国際NGOのプラン・インターナショナルが行っている「プラン・スポンサーシップ」という支援活動で、2014年から毎月5千円を寄付させていただいています。お金は途上国の問題を解決して子どもを支援する活動にあてられます。

おもしろいのは、支援対象の地域に住む子どもと1対1で交流できることです。その子に直接寄付が届くわけではないですが、お手紙のやり取りなどを通じて、女の子の成長を見守ることができます。団体からも活動報告が届き、自分の支援が目に見える形になるので、それがずっと続けられているポイントなのかなと思います。

―― 寄付を始めたきっかけは?

20代は芸能界でやっていくのに必死で、他の人のことを考える余裕はありませんでした。

30代になって仕事に自信が持てるようになり自分を見つめ直してみると、みなさんのおかげでキャリアを積み重ねることができたことに気づきました。いただいてきたものを誰かに還元しないとバチが当たると感じていた時に、たまたまプランさんの広告を見たのがきっかけです。

――いろんな支援の形がある中で、子どもとの交流がある「スポンサーシップ」を選んだ理由は何ですか。

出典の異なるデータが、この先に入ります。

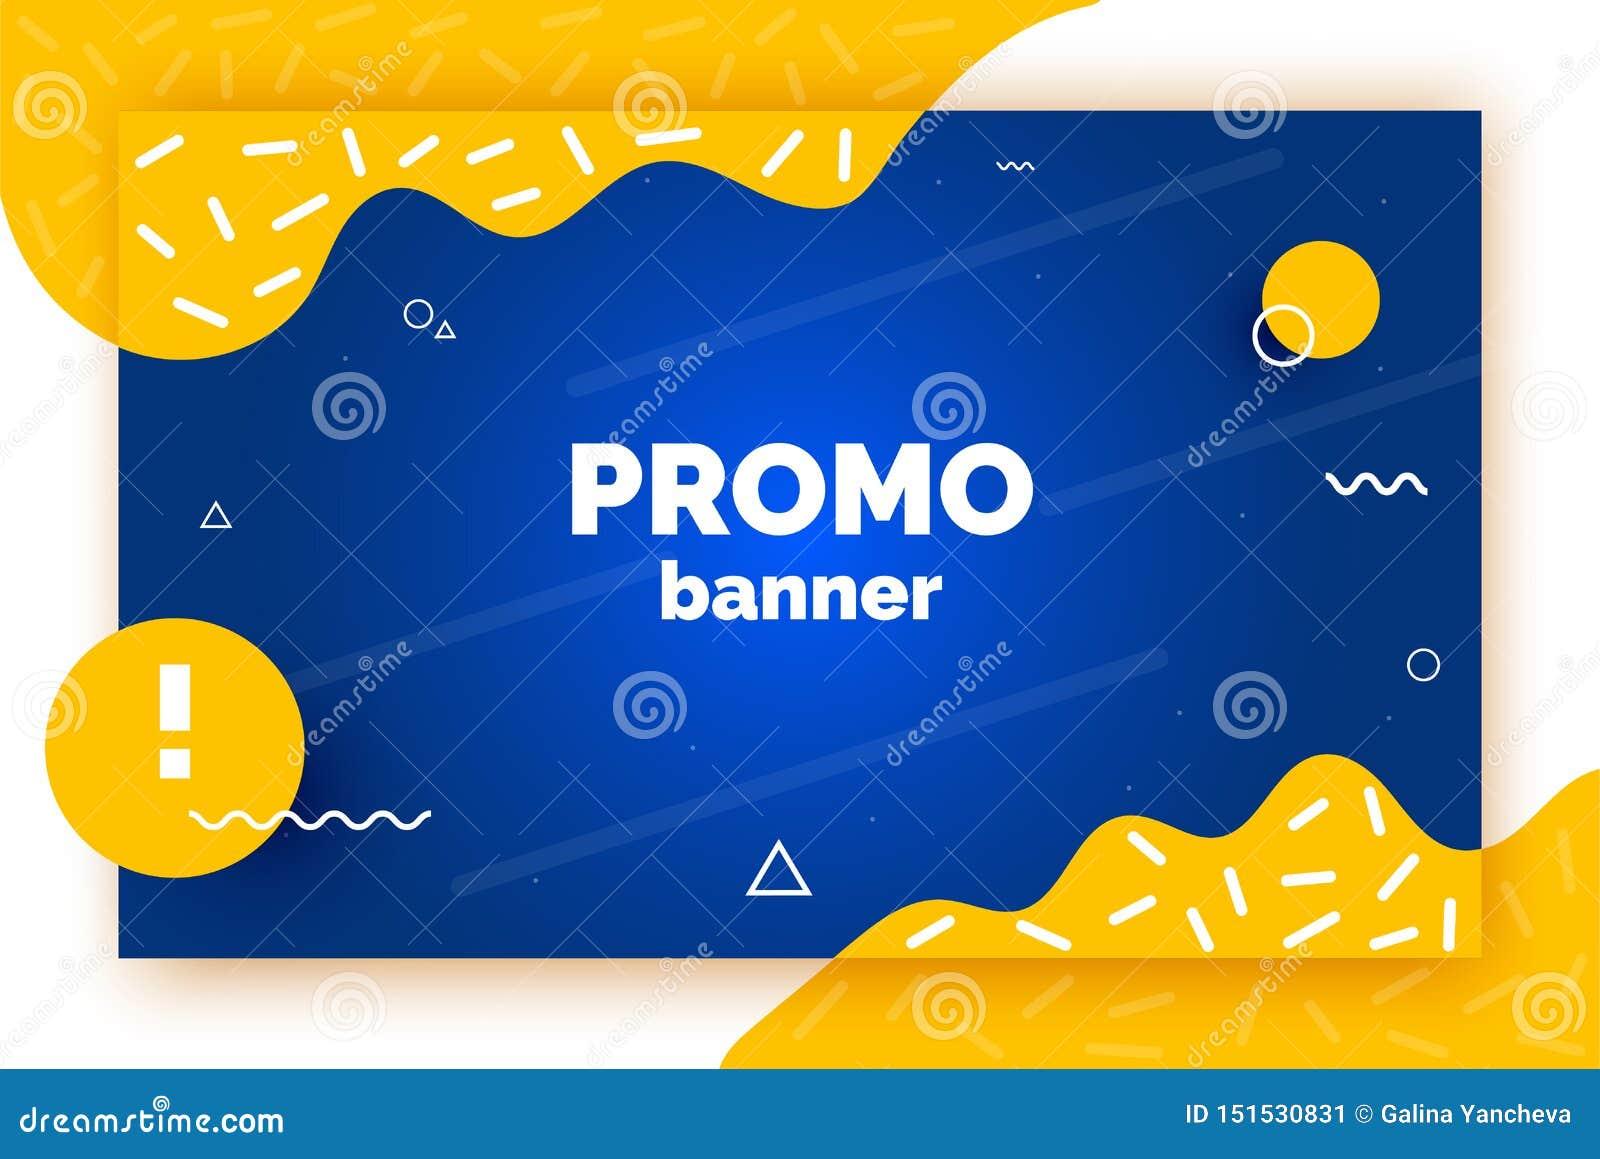 Netzförderungsfahne für Verkauf, Angebot, Anzeige Modischer Vektorhintergrund, Flieger, Plakat, Seite, Abdeckung mit Zusammenfass

気軽に始められると思ったことが大きかったです。私自身も明日どうなっているかわからない職業ですし、その子の人生を支え続けられるのだろうかと最初は不安だったのですが、実際はそこまでの責任を感じる必要はありませんでした。毎月寄付をすることによって、一人の人間の成長を見守ることができる、そのプラスアルファがあるからこそ、続けていこうと思えます。続けてよかったという実感が得られる素晴らしい取り組みだなと思っています。

――交流している女の子はどういう子ですか。

団体の方から、「この子になりましたよ」と彼女を紹介されました。当時はジンバブエがどこにあるかもわからず、地図で調べました。
実際に会ったことはないんですけど、彼女のお母さんによると、シャイだけど元気で活発な女の子です。2014年当時は6歳でしたが、今はかなり大人になりました。制服を着て、すらっとした姿の写真が先日送られてきました。手紙も最初の頃はお母さんの代筆だったのが、自分の言葉でしっかり書いてくれるようになりました。自分の中では月日の流れはあっという間ですが、一人の人間が成長し、自分がその一助を担えたかもしれないと思うと感慨深いです。

――手紙でどういうやり取りをしているのですか。

「元気でいてください」というような、ありふれた内容ですけど、彼女がちゃんと学校に行けて病気をしていないことが、私にとっては何よりの報告です。私に子どもが生まれたことを手紙にした時には、「いつかお子さんにも会ってみたいです」とお返事をもらいました。
手紙は日本語で書いています。彼女からの手紙も、現地の言葉で書かれたものが、団体の方によって英語に翻訳され、さらに日本語に翻訳されているので、問題なくやりとりができています。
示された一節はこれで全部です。